Data below below:
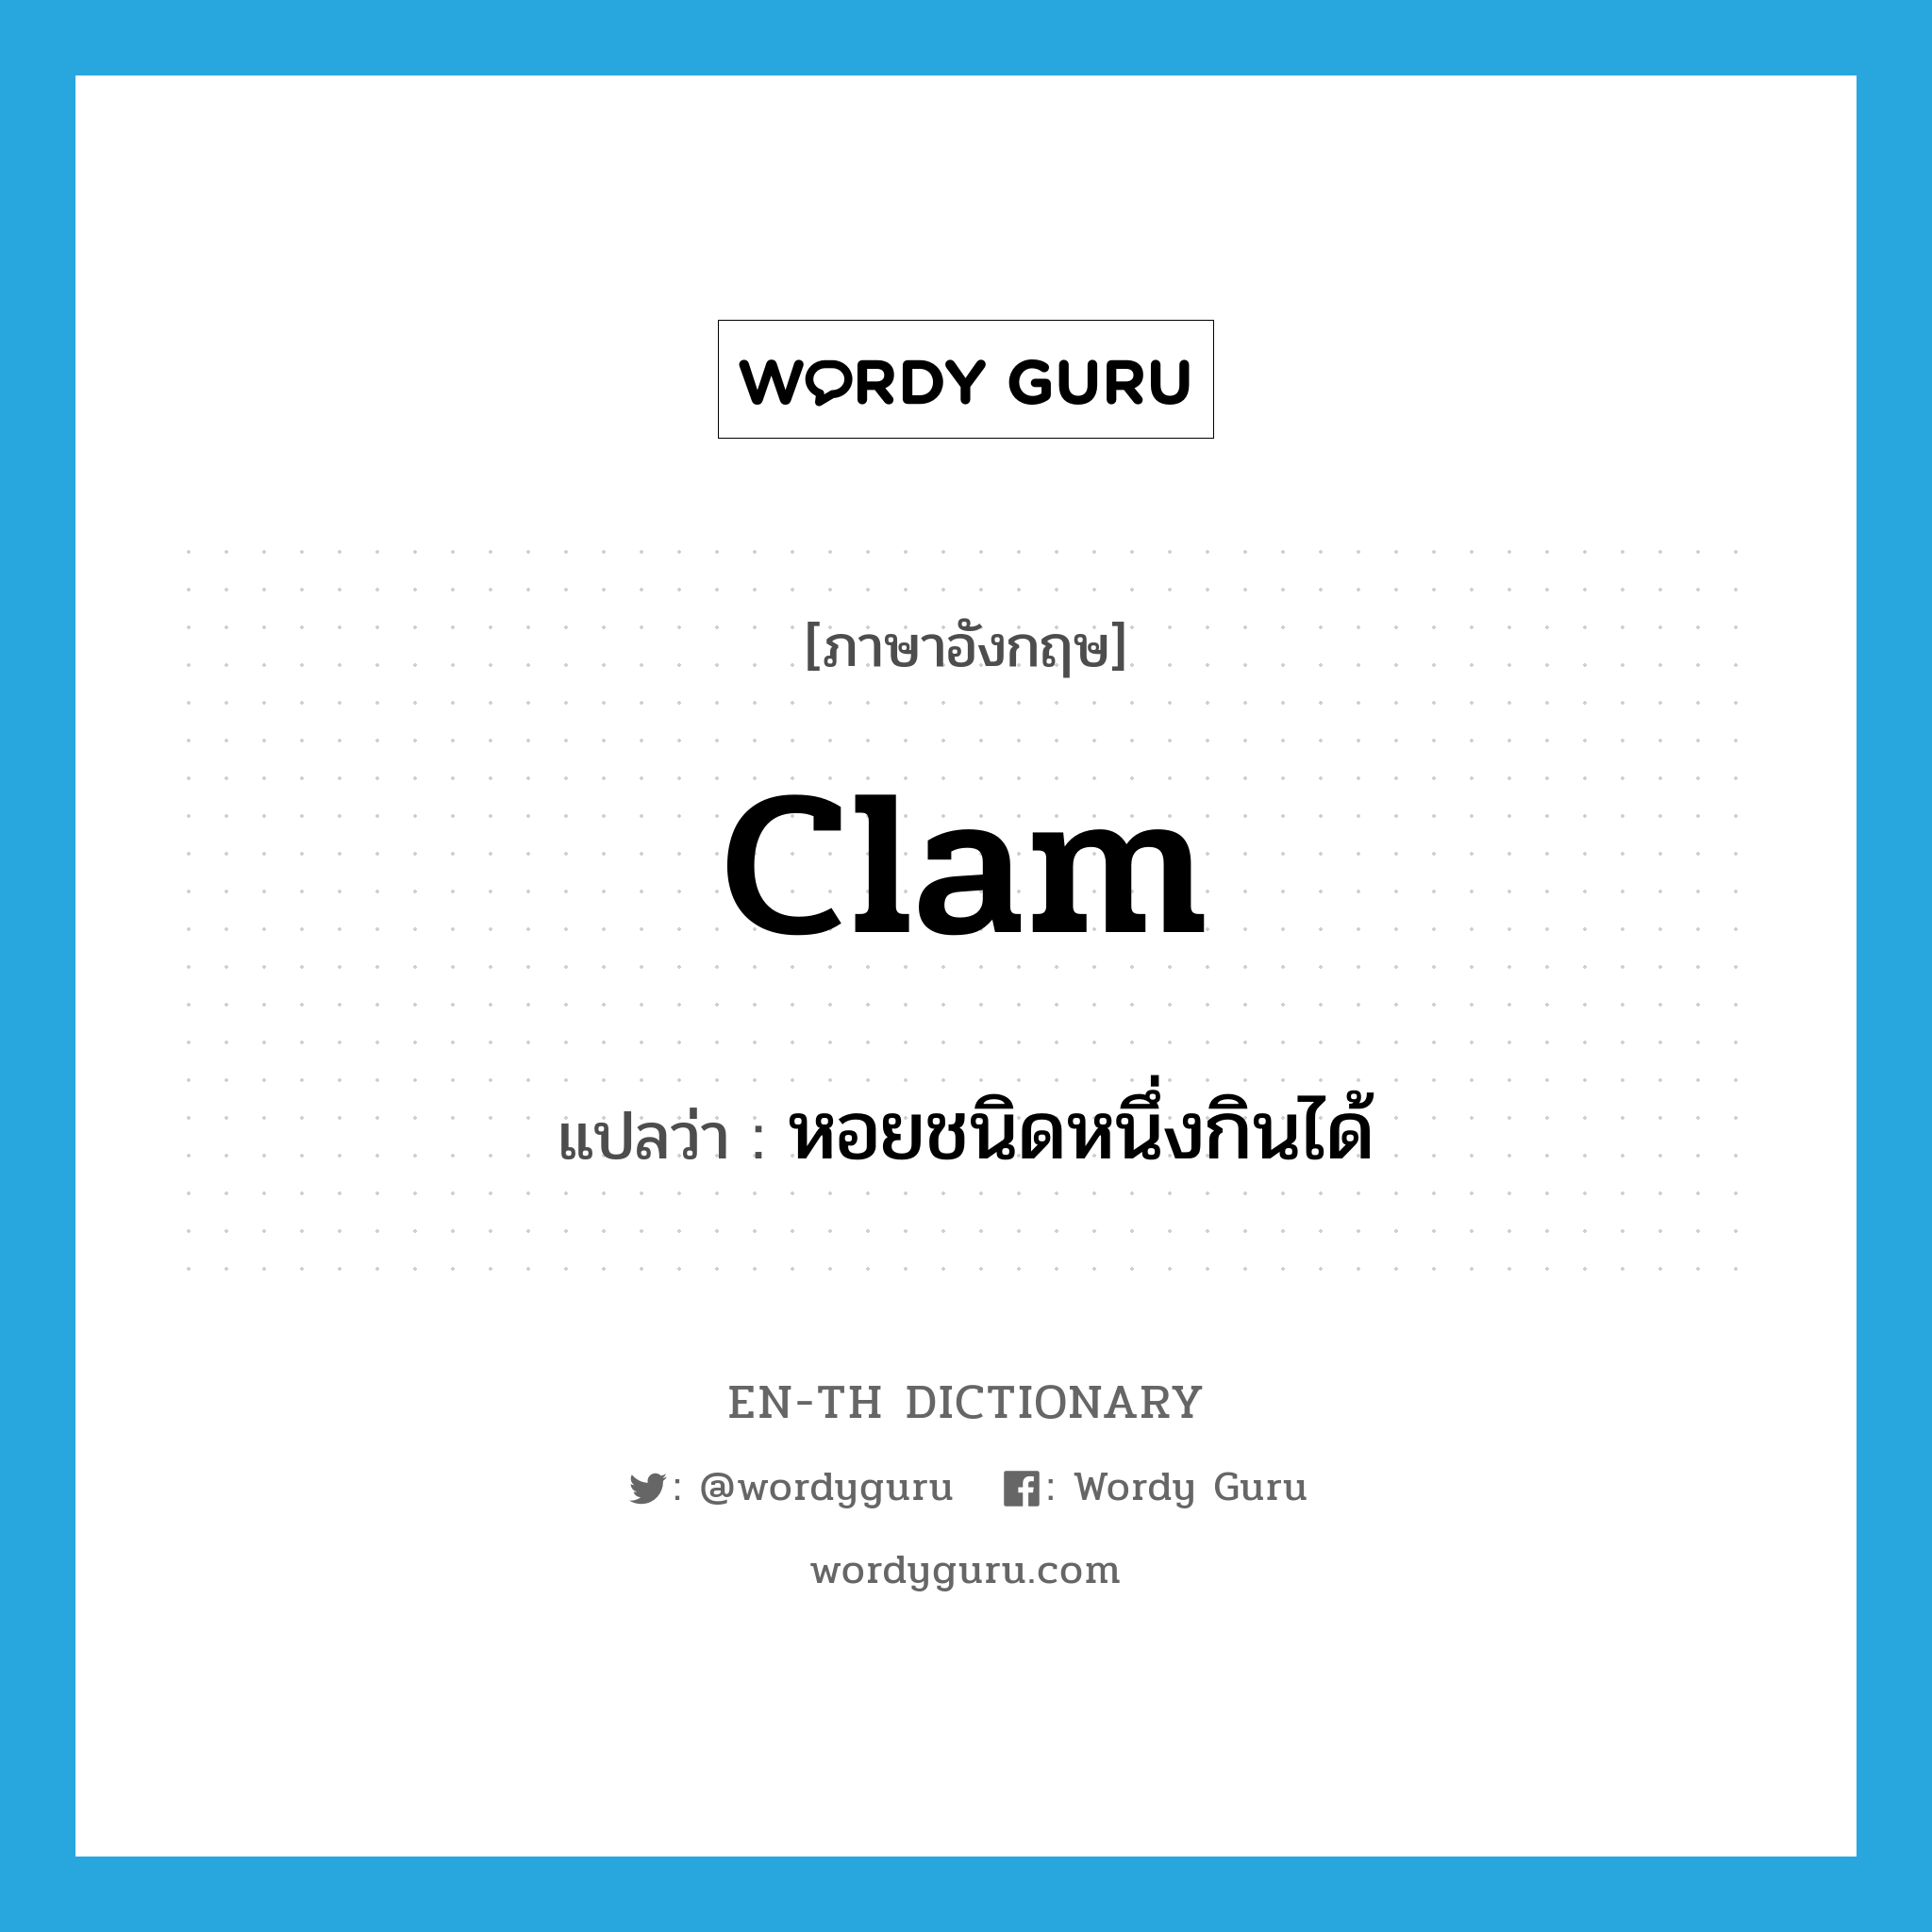 clam แปลว่า?, คำศัพท์ภาษาอังกฤษ clam แปลว่า หอยชนิดหนึ่งกินได้ ประเภท N หมวด N
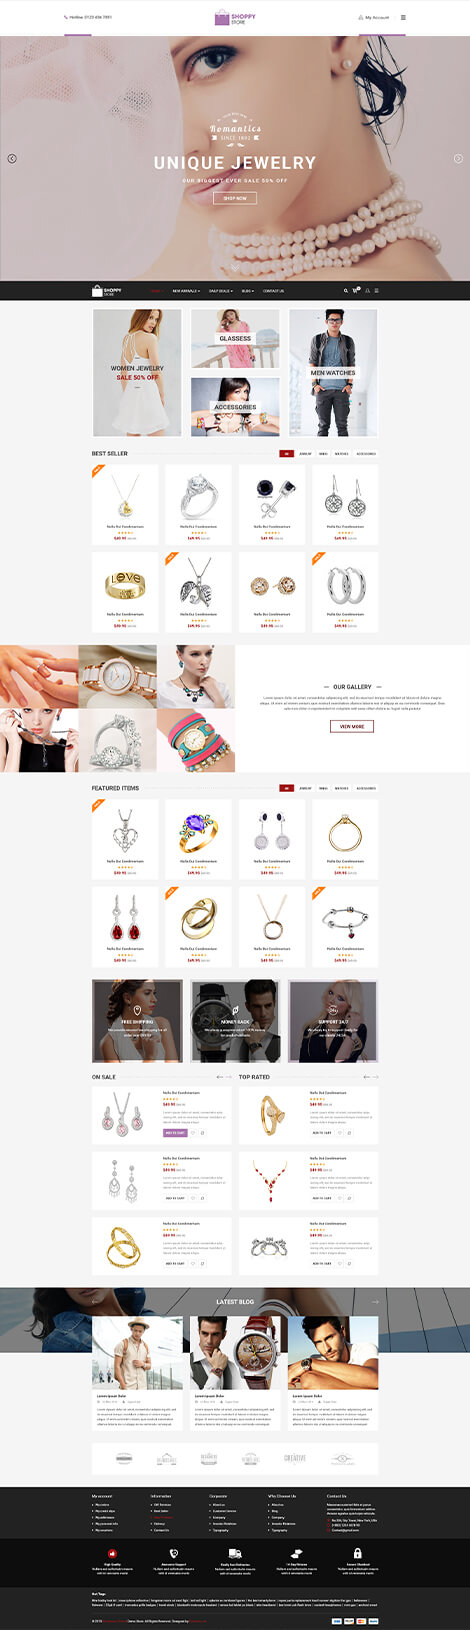 ShoppyStore 5 - Best Responsive Multi Purpose WooCommerce WordPress Theme
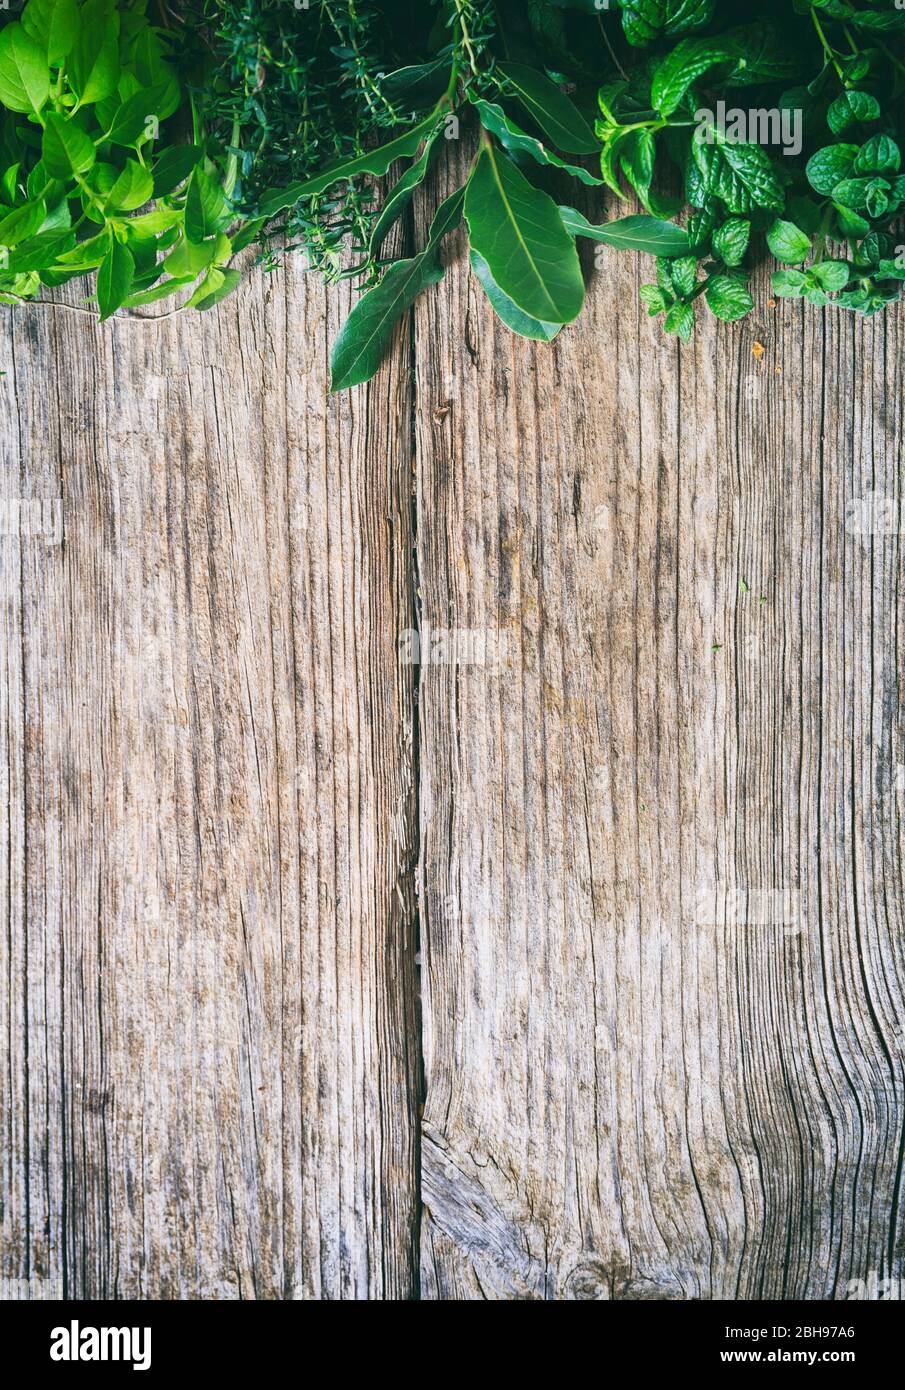 Frische Kräuter, Basilikum, Minze, Thymian aromatische Blätter umrandet oben auf einem alten Holzhintergrund. Copyspace, vertikales Hochformat. Stockfoto
End of Data below.
Print the data again, word for word, without any pictures.

Result of the exercise:
 clam แปลว่า?, คำศัพท์ภาษาอังกฤษ clam แปลว่า หอยชนิดหนึ่งกินได้ ประเภท N หมวด N
 ShoppyStore 5 - Best Responsive Multi Purpose WooCommerce WordPress Theme
 Frische Kräuter, Basilikum, Minze, Thymian aromatische Blätter umrandet oben auf einem alten Holzhintergrund. Copyspace, vertikales Hochformat. Stockfoto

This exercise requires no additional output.